Enable Kerberos Authentication

  1. Select Kerberos Authentication checkbox, if the Warehouse is Kerberos enabled HIVE server.

    netwitness_wc_device_re_kerberos_option.png

  2. Fill in the fields as follows:

    Field Description

    Server Principal

    Enter the Principal used by the HIVE server to authenticate with the Kerberos Key Distribution Center (KDC) Server.​

    User Principal Enter the Principal that HIVE JDBC client uses to authenticate with the KDC server for connecting the HIVE server.
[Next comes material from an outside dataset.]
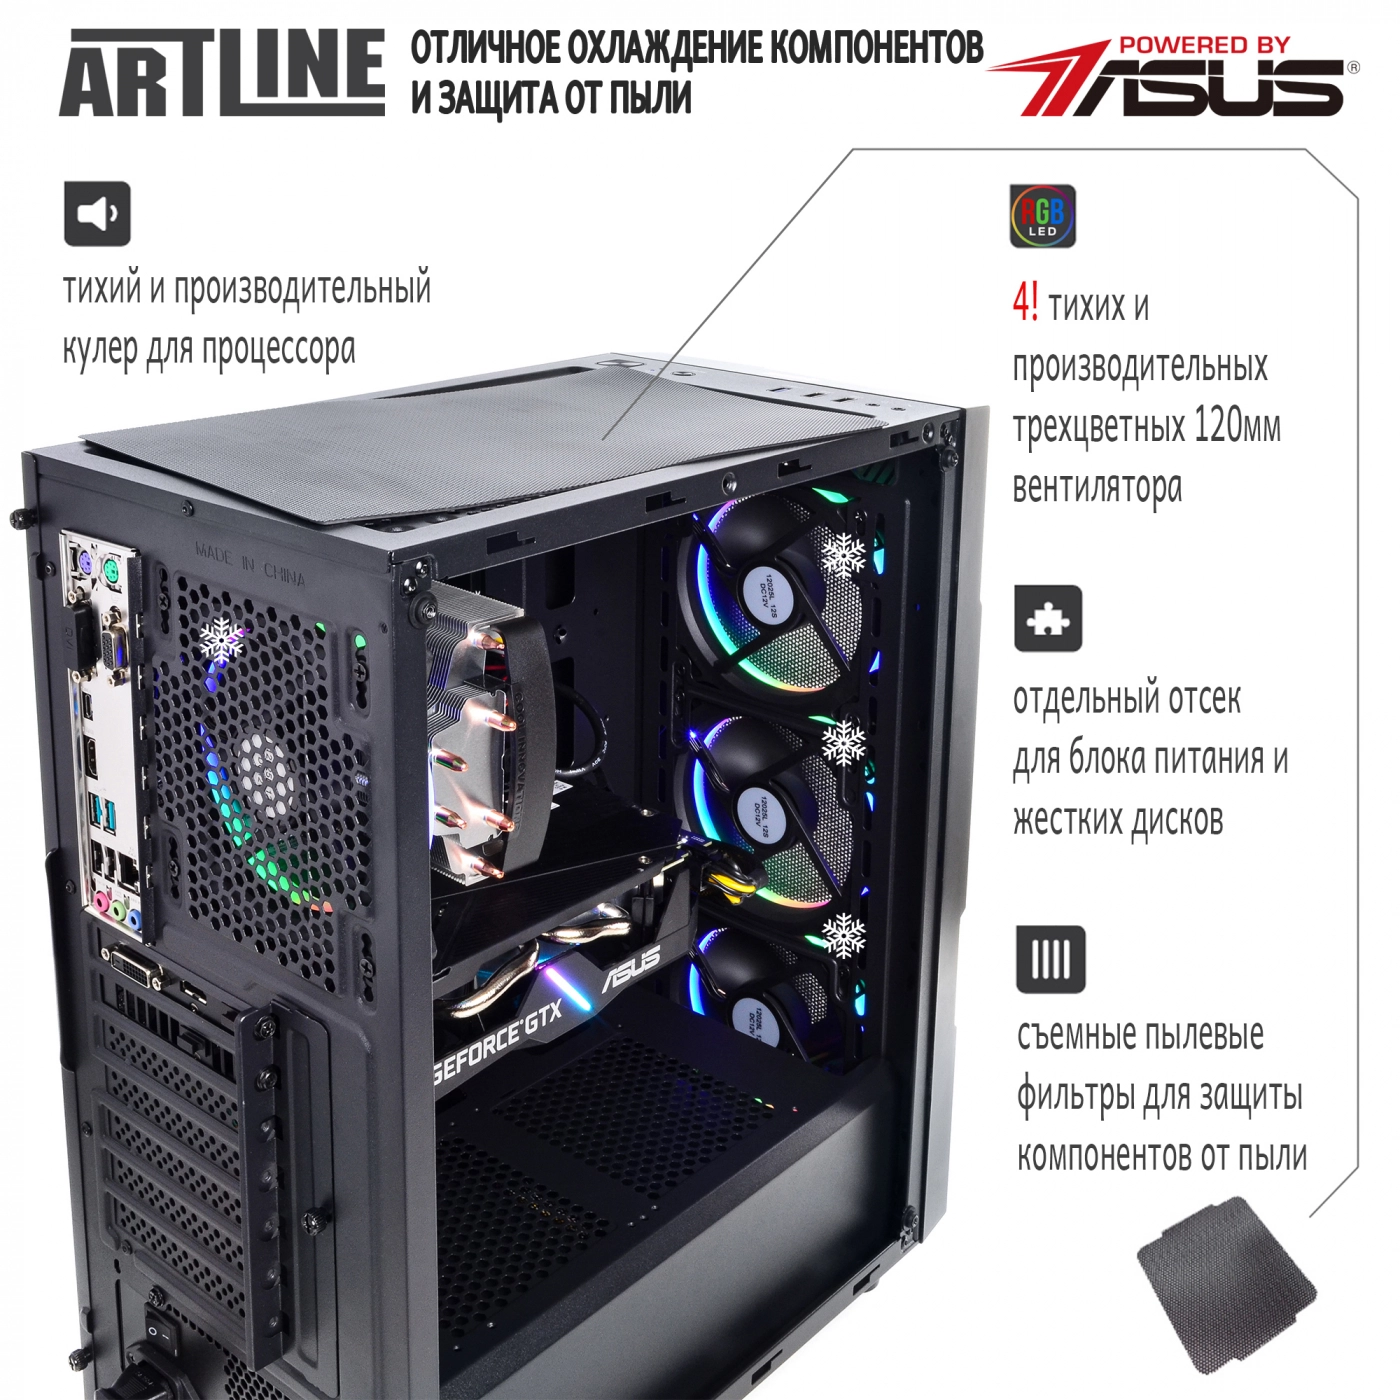 Купить Компьютер ARTLINE Gaming X44v19 - фото 2

For example, gpadmin@EXAMPLE.COM.

    Kerberos Keytab File

    View the Kerberos keytab file location configured in the HIVE Configuration panel on the Reporting Engine General Tab.

    Note: Reporting Engine supports only the data sources configured with the same Kerberos credentials, like, User Principal and key tab file.
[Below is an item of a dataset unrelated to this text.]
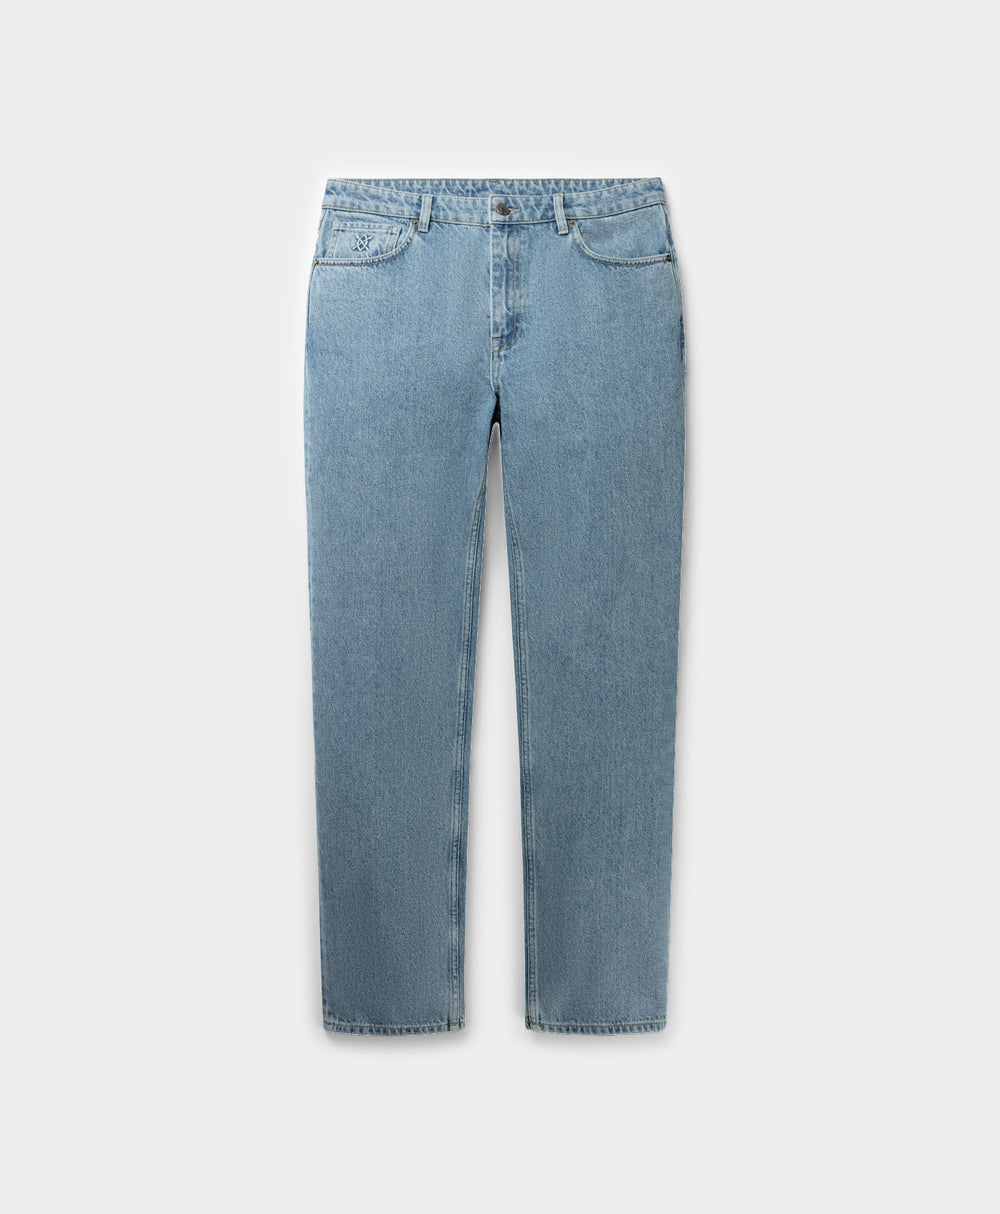 DP - Light Blue Kibo Jeans - Packshot - Front

  3. Click Test Connection to test the connection with the values entered.
  4. Click Save.

    The added Warehouse data source is displayed in the Reporting Engine Sources tab.

  5. Click netwitness_add.png netwitness_arrow.png > ​Available Services.

    The Available Services dialog box is displayed.

    netwitness_106_available_sources.png

  6. In the Available Services dialog box, select the service that you want to add as data source to the Reporting Engine and click OK.

    NetWitness adds this as a data source available to reports and alerts against this Reporting Engine.

    122_available_dev_RE_1122.png

    Note: This step is relevant only for an Untrusted model.

Set a Data Source as the Default Source

To set a data source to be the default source when you create reports and alerts:

  1. Go to netwitness_adminicon_25x22.png (Admin) > Services.
  2. In the Services list, select a Reporting Engine service.
  3. Select netwitness_ic-actns.png > View> Config.

    The Services Config View of Reporting Engine is displayed.

  4. Select the Sources tab.

    The Services Config View is displayed with the Reporting Engine Sources tab open.

  5. Select the source that you want to be the default source (for example, Broker).
  6. Click the netwitness_setdefault.png checkbox.

    NetWitness defaults to this data source when you create reports and alerts against this Reporting Engine.